"""

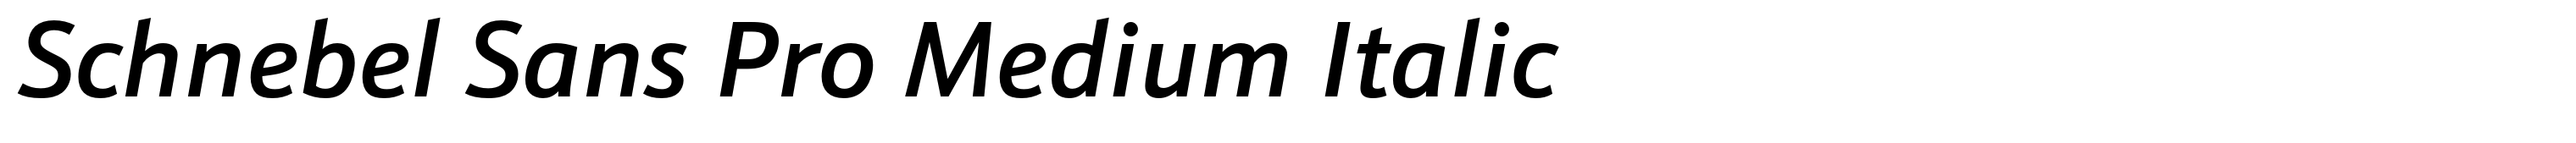 Schnebel Sans Pro Medium Italic
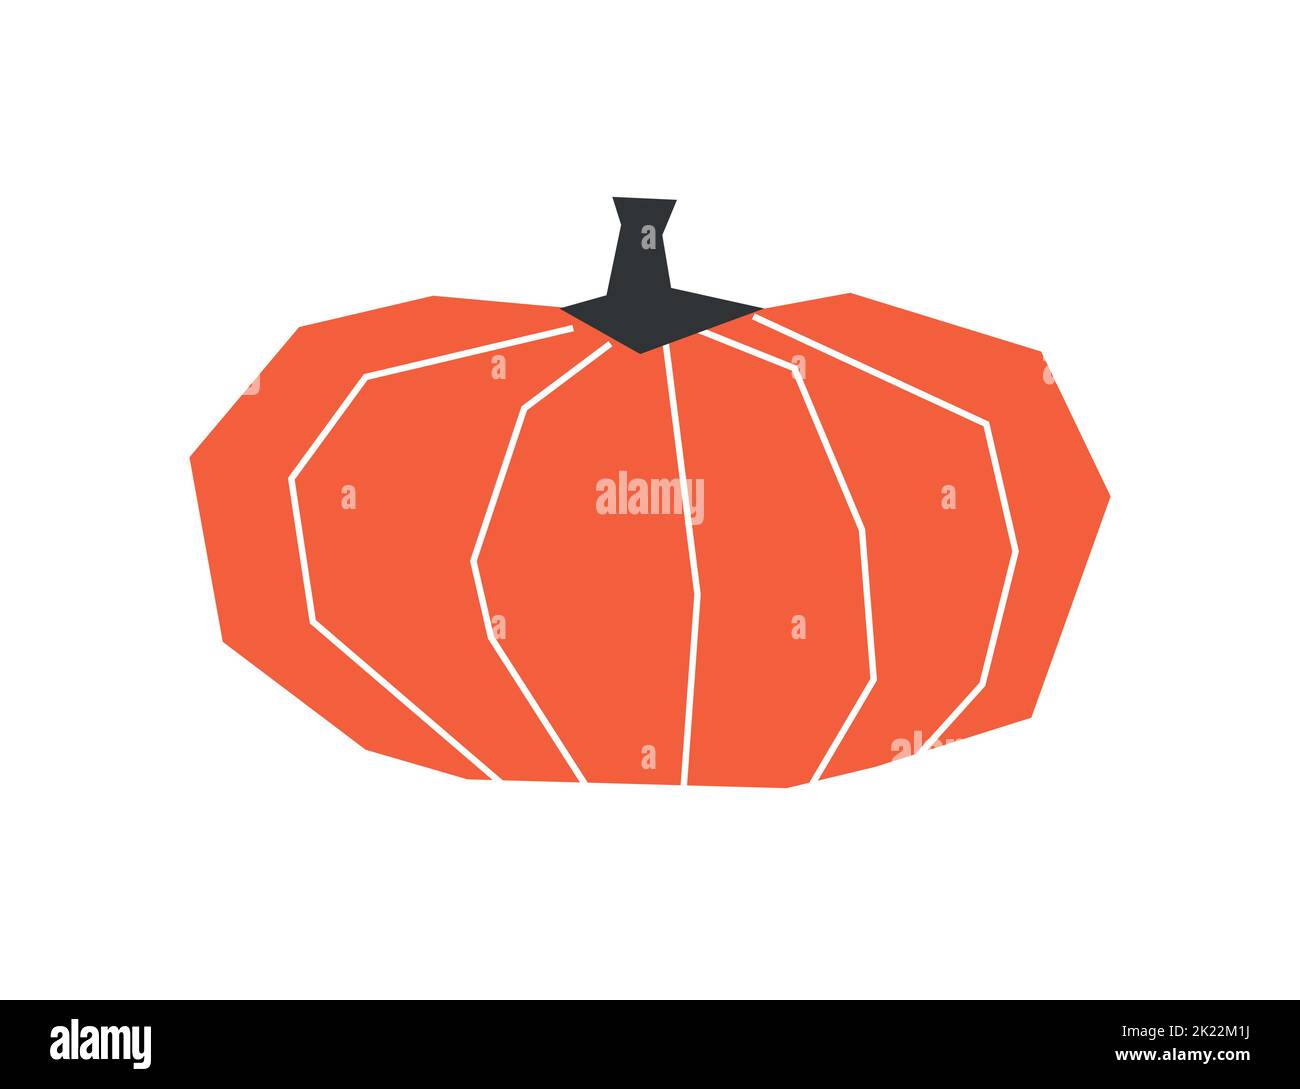 Vector isolated illustration with botanical element - fresh faitytale pumpkin. Orange vegetarian symbol of autumn - squash. Decorative minimalistic ha Stock Vector
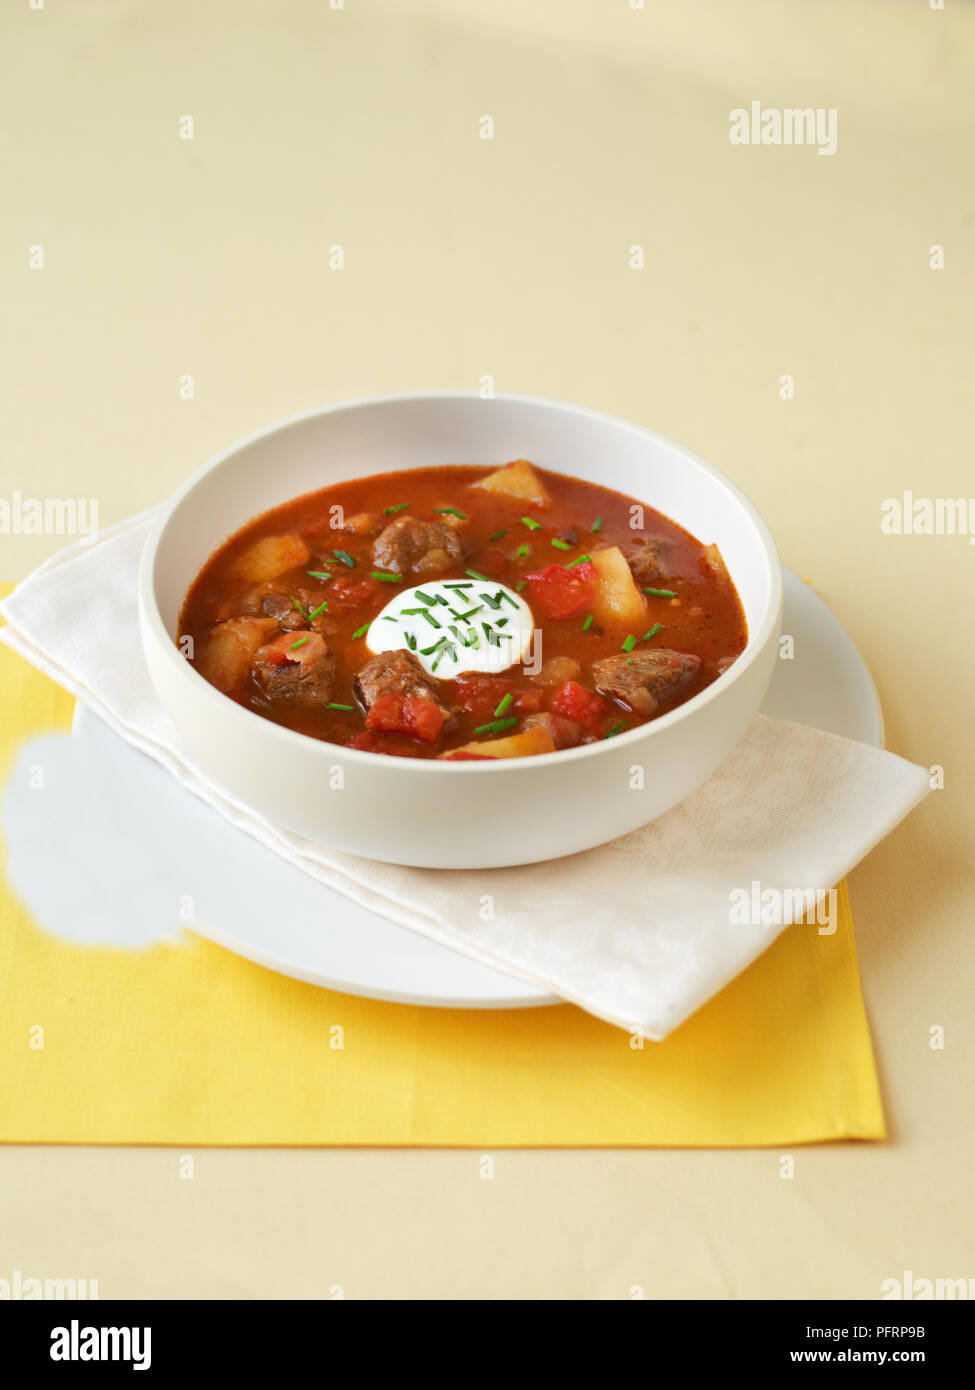 Bowl of goulash soup Stock Photo

"""

Task requirements:
Repeat verbatim the lines from the one with "Vector isolated illustration" through the end of the listing above. Include both ends, add nothing, and exclude the pictures.

Result of the exercise:
 Vector isolated illustration with botanical element - fresh faitytale pumpkin. Orange vegetarian symbol of autumn - squash. Decorative minimalistic ha Stock Vector
 Bowl of goulash soup Stock Photo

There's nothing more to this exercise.